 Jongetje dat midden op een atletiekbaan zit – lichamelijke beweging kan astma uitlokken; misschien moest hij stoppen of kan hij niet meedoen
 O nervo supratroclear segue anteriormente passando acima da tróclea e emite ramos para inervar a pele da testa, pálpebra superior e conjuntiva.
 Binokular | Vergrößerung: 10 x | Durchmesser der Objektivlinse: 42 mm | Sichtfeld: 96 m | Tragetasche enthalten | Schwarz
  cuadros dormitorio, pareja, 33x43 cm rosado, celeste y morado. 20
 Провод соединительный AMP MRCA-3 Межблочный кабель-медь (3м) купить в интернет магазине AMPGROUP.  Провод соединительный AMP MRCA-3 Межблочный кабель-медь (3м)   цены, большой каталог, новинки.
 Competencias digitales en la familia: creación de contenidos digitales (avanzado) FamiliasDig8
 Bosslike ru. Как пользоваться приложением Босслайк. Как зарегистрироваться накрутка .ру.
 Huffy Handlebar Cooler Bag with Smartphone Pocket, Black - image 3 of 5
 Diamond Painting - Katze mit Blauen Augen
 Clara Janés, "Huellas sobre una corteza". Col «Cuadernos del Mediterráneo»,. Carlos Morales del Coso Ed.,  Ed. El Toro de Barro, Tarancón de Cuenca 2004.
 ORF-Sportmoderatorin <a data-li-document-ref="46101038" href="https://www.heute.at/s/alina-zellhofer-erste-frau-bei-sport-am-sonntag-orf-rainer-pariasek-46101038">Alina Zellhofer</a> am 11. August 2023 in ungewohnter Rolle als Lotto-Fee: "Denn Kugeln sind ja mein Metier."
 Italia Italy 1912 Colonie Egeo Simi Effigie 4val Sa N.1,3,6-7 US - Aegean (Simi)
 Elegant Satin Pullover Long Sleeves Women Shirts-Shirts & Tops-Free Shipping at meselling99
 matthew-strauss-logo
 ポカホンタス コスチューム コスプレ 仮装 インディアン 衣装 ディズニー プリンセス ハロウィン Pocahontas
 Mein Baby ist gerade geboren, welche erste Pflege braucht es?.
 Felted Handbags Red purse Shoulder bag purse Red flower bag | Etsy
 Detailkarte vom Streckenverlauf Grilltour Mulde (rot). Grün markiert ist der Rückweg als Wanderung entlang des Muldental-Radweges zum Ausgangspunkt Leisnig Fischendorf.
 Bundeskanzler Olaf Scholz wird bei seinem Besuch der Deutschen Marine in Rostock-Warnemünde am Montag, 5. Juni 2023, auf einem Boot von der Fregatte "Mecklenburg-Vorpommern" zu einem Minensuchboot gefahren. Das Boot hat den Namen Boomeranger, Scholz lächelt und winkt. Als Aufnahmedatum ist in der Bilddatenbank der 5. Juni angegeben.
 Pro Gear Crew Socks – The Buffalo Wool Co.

_WHAT THE TASK ASKS:_
Say, as a bare number, how many lines in the entries above include the string "erste".

_RESULT FOR THIS TASK:_
2